31 Ga. App. 441 | Ga. Ct. App. | 1923

Lead Opinion

Bell, J.

(After stating the foregoing facts.)

We think that the court was in error in dismissing the petition. Under the averments made, the plaintiff had a right to be upon the premises at the place where the injury occurred. She alleges not only that she was a member of the family of a tenant, but went to the apartment of another tenant as an invitee and guest, upon matters of interest and concern to them both. “A landlord is liable to one lawfully present on the rented premises, by invitation of the tenant, for injuries arising from defective construction, or from failure to keep the premises in repair, where the defect is known to the landlord or in the exercise of reasonable diligence could have been known, and the injured person was himself in the exercise of due care.” Ross v. Jackson, 123 Ga. 657 (51 S. E. 578). See Civil Code (1910), §§ 3694, 3699; Crossgrove v. Atlantic Coast Line R. Co., 30 Ga. App. 462 (118 S. E. 694). Where the owner or occupier of land, by express or implied invitation, induces or leads others to come upon his premises for any lawful purpose, he is liable in damages to such persons for injuries occasioned by his failure to exercise ordinary care in keeping the premises and approaches safe. Civil Code (1910), §4420.

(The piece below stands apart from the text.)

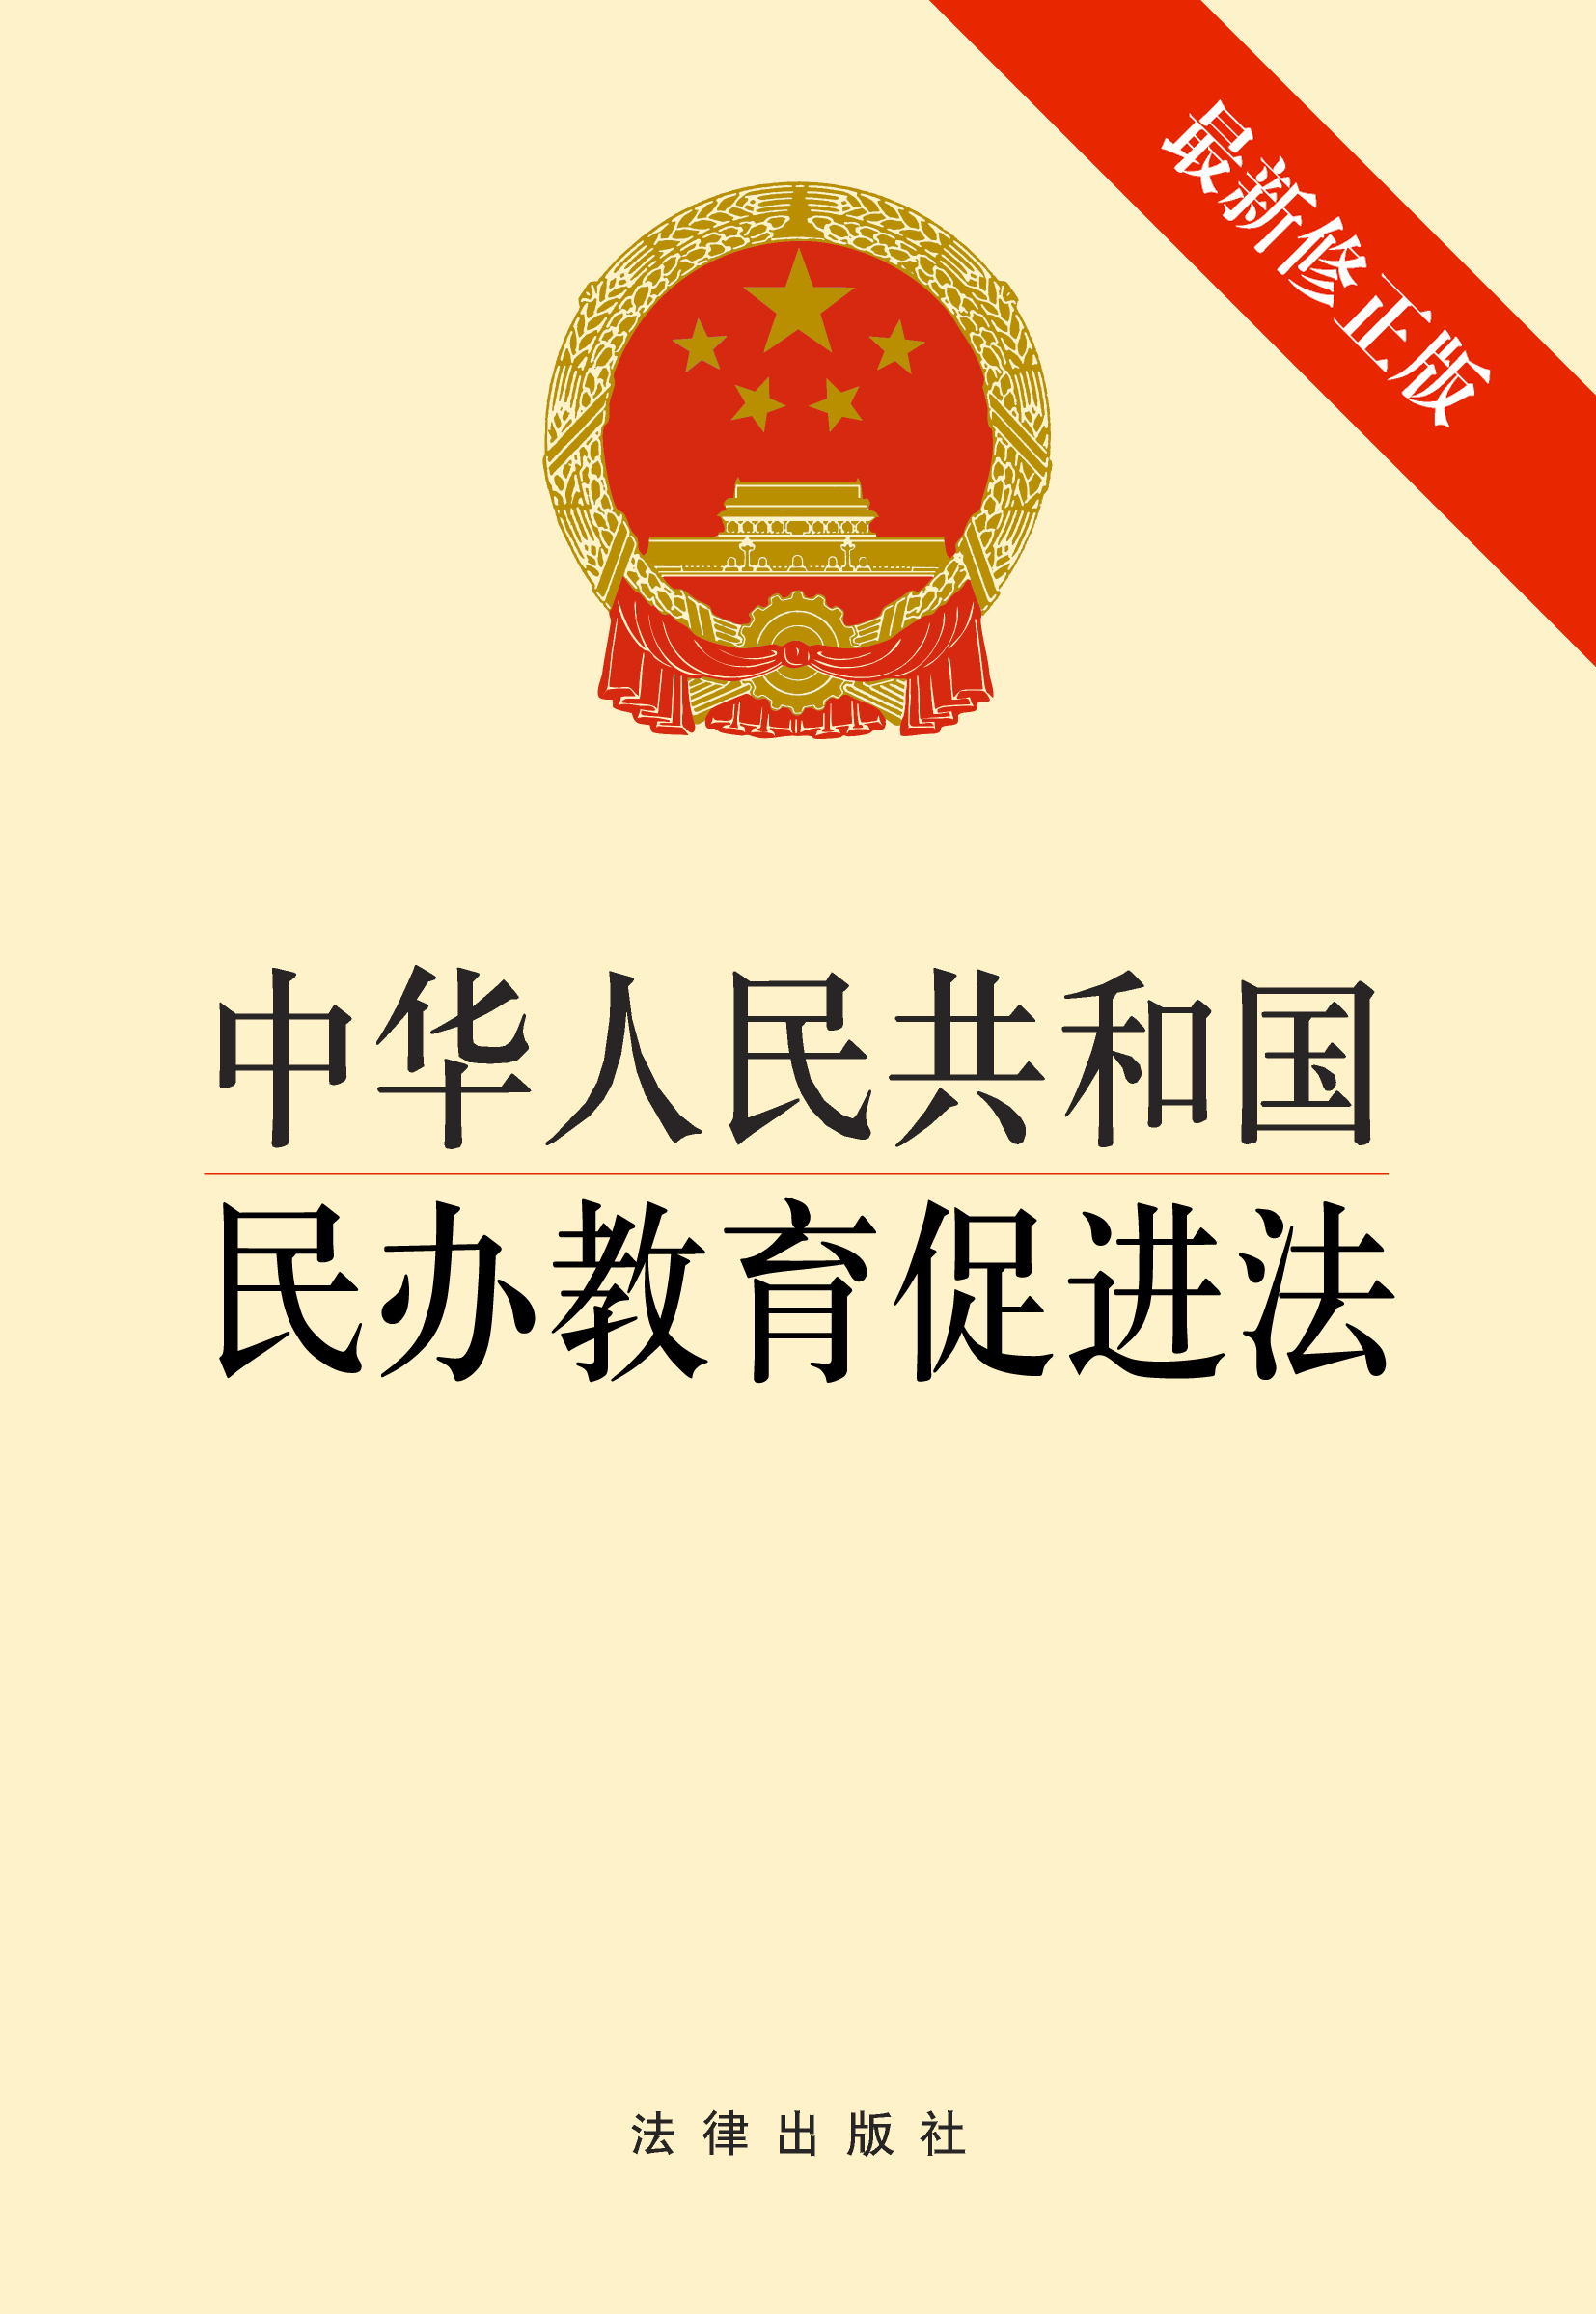 中华人民共和国民办教育促进法-最新修正版 \/全

It is alleged that the defendant retained the possession and control of the hall where the plaintiff was injured. Where the landlord retains even a qualified possession and general supervision of his building he may be held liable to his tenants, their guests or invitees, for injuries arising from a failure to maintain the building in proper repair or a reasonably safe condition, either if he knew of the defects or if in the exercise of ordinary care he should have known of them. Monahan v. National Realty Co., 4 Ga. App. 680 (1) (62 S. E. 127).

Ordinarily, before a landlord can be held liable for damages for a failure to keep the premises in repair or in a safe condition, *447notice of the defect must be brought home to him; but it is well settled that where he retains a qualified possession of and general supervision over the rented premises either by himself or through an agent in charge, no actual notice of the defective condition is required in order to fix liability for an injury to a tenant or the tenant’s guest or invitee, provided the landlord should have known thereof by ordinary care. Davis v. Hall, 21 Ga. App. 265 (1), 268 (94 S. E. 274). The averments bring the plaintiff within the protection of the requirement by the law of ordinary care on the part of the defendant.

The question next presented is, was the defendant negligent? Perhaps it is true that waxing or otherwise treating the floors in the halls of a building of the nature and uses here described may be proper, and would not amount to negligence when done in the usual and ordinary manner, but the plaintiff alleges that the proper way to use “liquid wax” is to apply it and then “wipe it up or dry it off,” and further that “unreasonably large quantities” were applied by the defendant “without wiping it off.” We cannot say as a matter of law that the petition does not allege a negligent condition of the floor. In the nature of the averments the question is one for a jury.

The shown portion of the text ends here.